The book will be updated when each new part in this series is released.

What is a Deepfake attack against AI?

An AI-generated Deepfake attack against AI refers to a scenario where an artificial intelligence system is targeted by a malicious actor using a deepfake, which is a realistic-looking but fake video or audio that has been created using machine learning algorithms. In this case, the attacker creates a deepfake that is designed to deceive the AI system into making incorrect decisions or taking actions that are harmful to the organization or individuals that rely on it. This type of attack can be used to manipulate the AI system's training data, corrupt its decision-making process, or compromise its security, among other things. It is a growing concern in the field of AI security and requires ongoing research and development of countermeasures to protect against such attacks.

Types of Deepfake attacks

There are several different types of AI-generated deepfake attacks against AI systems, including:

Adversarial attacks: These are attacks where an adversary creates a deepfake or modifies a legitimate data sample to make the AI system misclassify it.
Poisoning attacks: This type of attack involves manipulating the training data used by the AI system to introduce biases and cause the system to make incorrect decisions.
Data injection attacks: In this type of attack, an attacker inserts malicious data into the AI system, which can then cause it to malfunction or behave in an unintended way.
Model stealing attacks: In this type of attack, an attacker attempts to steal the AI model used by the system by creating a deepfake that mimics the behavior of the system and then using it to extract the underlying model.
Evasion attacks: These are attacks where an attacker creates a deepfake that is designed to evade detection by the AI system's security measures, allowing it to bypass the system's defenses.
Manipulation attacks: In this type of attack, an attacker creates a deepfake that is designed to manipulate the AI system's decision-making process, allowing them to control the output of the system in a way that benefits them.

How it works

An AI-generated Deepfake attack against AI works by using machine learning algorithms to create a fake input that can deceive an AI system. The attacker first trains a deep learning model using a large dataset of real data samples. They then use this model to generate a synthetic data sample that is designed to look like a real one.

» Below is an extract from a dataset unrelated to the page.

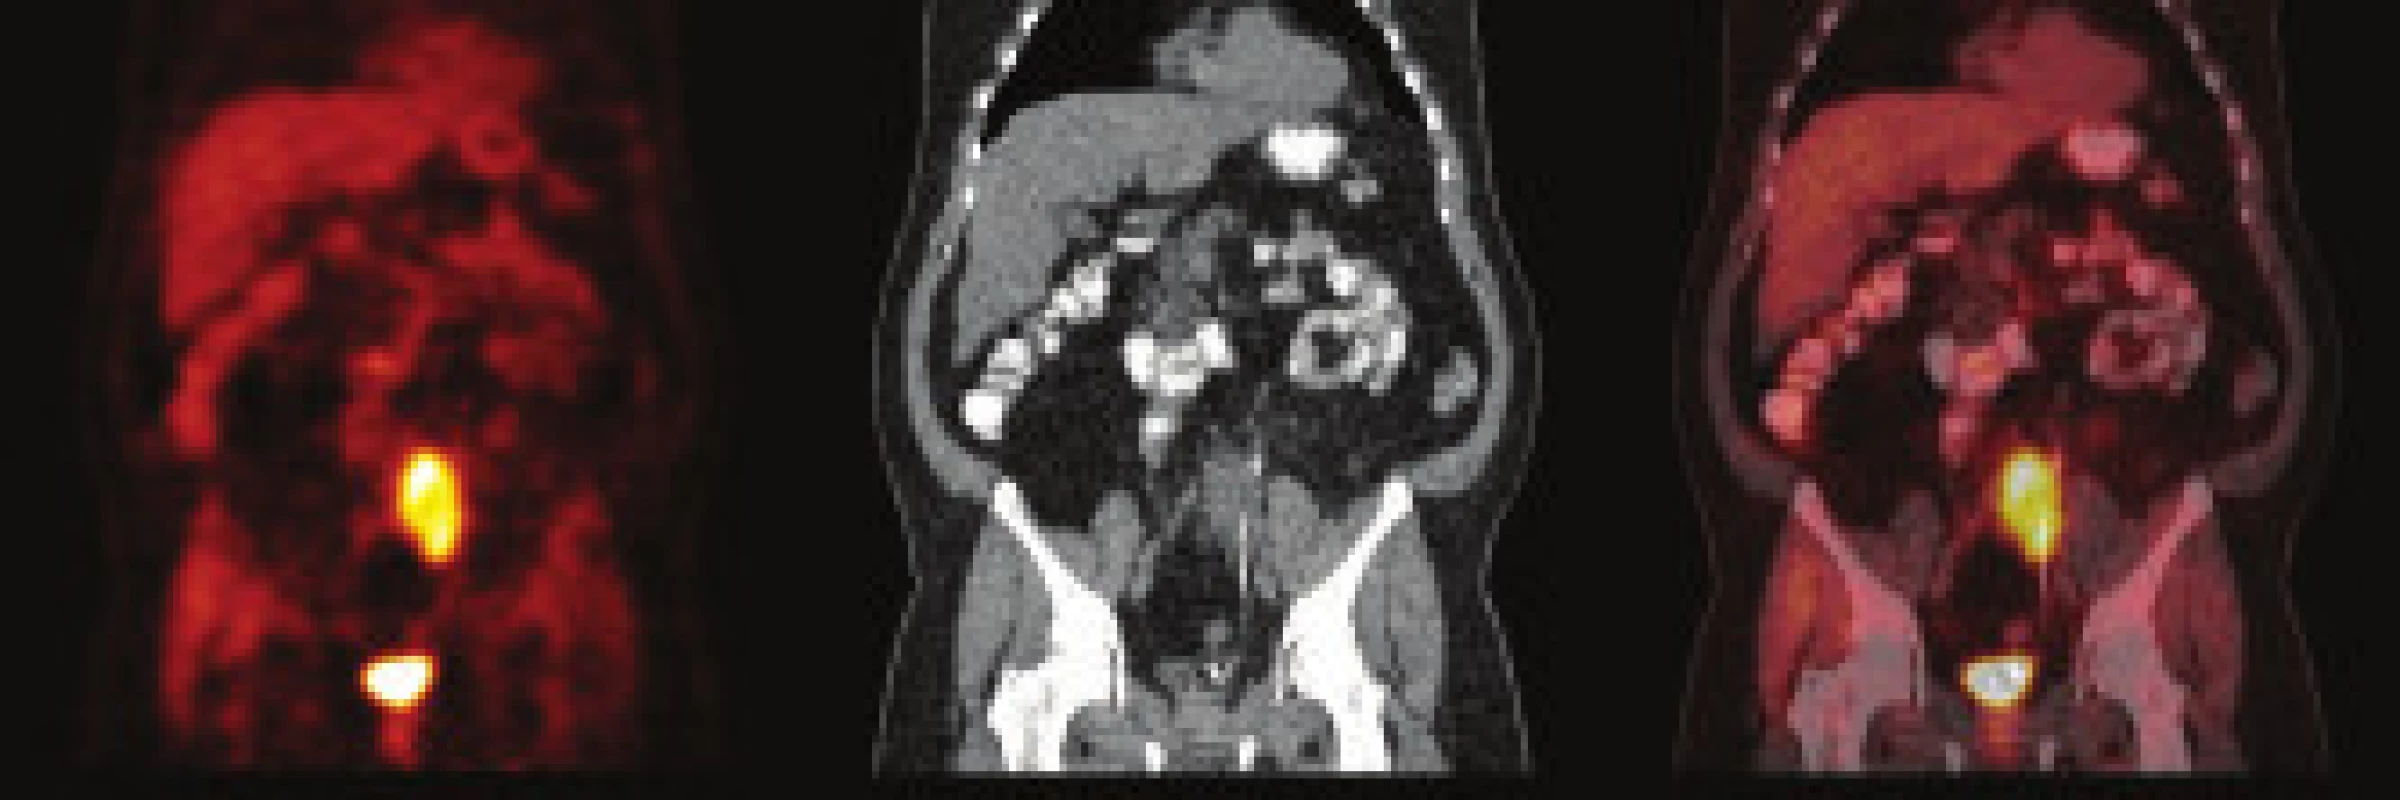 PET/CT pacienta – kazuistika 2. Stav před léčbou. Vysoká akumulace FDG se promítá do hypodenzní masy v retroperitoneu. Masou prochází ureter, do kterého je zaveden ureterální stent.

The generated deepfake is then fed into the AI system, which processes it as if it were a genuine input. If the deepfake is convincing enough, the AI system may make incorrect decisions or take actions that are harmful to the organization or individuals that rely on it.

For example, an attacker may use a deepfake to impersonate a legitimate user of the AI system and gain access to sensitive data or systems. Alternatively, they may use a deepfake to manipulate the AI system's decision-making process, causing it to make incorrect predictions or recommendations.

To protect against AI-generated Deepfake attacks, organizations need to implement robust security measures, including data validation, anomaly detection, and AI model monitoring, among others. It is also important to continuously train and update the AI system's models to improve their accuracy and resilience to attack.

Why it matters

The negative effects of an AI-generated Deepfake attack against AI can be significant and far-reaching. These attacks can undermine the reliability and trustworthiness of the AI system, leading to incorrect decisions and actions that can cause harm to individuals or organizations that rely on the system.

For example, in the case of a financial institution, an AI-generated Deepfake attack against AI could result in fraudulent transactions being approved or denied legitimate transactions, leading to financial losses for the institution and its customers.

In the case of a healthcare provider, an AI-generated Deepfake attack against AI could result in incorrect diagnoses or treatments being recommended, putting patients' health at risk.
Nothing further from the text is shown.